**Exercise instructions**
Print exactly the line with "La Madone et" and every line after it, through the final line of the material below.

**Provided information**
--------------------------------------------------

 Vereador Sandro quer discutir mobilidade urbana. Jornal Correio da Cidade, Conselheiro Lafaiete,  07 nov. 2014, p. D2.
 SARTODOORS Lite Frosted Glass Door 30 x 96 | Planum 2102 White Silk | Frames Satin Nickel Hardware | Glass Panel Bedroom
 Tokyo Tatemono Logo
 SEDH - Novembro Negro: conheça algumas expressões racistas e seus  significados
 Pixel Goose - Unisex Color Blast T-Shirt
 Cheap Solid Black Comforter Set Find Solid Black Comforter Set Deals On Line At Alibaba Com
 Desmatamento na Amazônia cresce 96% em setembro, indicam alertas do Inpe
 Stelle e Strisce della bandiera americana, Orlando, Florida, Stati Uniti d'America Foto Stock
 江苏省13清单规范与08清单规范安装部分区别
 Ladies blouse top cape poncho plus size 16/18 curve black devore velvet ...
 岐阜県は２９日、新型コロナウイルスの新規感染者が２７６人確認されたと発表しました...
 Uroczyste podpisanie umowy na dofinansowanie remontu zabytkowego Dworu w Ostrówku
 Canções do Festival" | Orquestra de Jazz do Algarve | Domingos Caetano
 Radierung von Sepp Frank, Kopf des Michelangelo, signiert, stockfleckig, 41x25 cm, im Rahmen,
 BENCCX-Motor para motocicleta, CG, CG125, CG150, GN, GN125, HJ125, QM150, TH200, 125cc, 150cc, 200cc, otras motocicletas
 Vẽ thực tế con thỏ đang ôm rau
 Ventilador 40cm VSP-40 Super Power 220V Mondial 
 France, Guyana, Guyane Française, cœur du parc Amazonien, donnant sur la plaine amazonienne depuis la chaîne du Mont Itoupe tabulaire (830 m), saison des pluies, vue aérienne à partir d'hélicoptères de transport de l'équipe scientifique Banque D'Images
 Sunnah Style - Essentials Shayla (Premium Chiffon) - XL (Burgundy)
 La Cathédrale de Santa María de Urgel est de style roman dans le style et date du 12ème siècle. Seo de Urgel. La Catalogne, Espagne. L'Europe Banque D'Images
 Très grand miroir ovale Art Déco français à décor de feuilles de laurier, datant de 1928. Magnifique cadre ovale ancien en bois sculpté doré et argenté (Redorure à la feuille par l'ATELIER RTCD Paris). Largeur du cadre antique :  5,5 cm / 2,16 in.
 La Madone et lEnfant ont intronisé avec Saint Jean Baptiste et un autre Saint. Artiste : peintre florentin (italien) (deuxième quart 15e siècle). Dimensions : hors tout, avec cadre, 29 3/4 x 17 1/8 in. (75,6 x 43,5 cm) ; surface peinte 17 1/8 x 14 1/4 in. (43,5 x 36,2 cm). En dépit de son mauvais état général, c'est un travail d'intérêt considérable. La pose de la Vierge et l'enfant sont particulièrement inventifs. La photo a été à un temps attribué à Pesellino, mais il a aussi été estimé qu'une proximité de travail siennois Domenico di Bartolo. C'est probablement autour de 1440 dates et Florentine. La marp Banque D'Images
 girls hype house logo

--------------------------------------------------

**The answer**
 La Madone et lEnfant ont intronisé avec Saint Jean Baptiste et un autre Saint. Artiste : peintre florentin (italien) (deuxième quart 15e siècle). Dimensions : hors tout, avec cadre, 29 3/4 x 17 1/8 in. (75,6 x 43,5 cm) ; surface peinte 17 1/8 x 14 1/4 in. (43,5 x 36,2 cm). En dépit de son mauvais état général, c'est un travail d'intérêt considérable. La pose de la Vierge et l'enfant sont particulièrement inventifs. La photo a été à un temps attribué à Pesellino, mais il a aussi été estimé qu'une proximité de travail siennois Domenico di Bartolo. C'est probablement autour de 1440 dates et Florentine. La marp Banque D'Images
 girls hype house logo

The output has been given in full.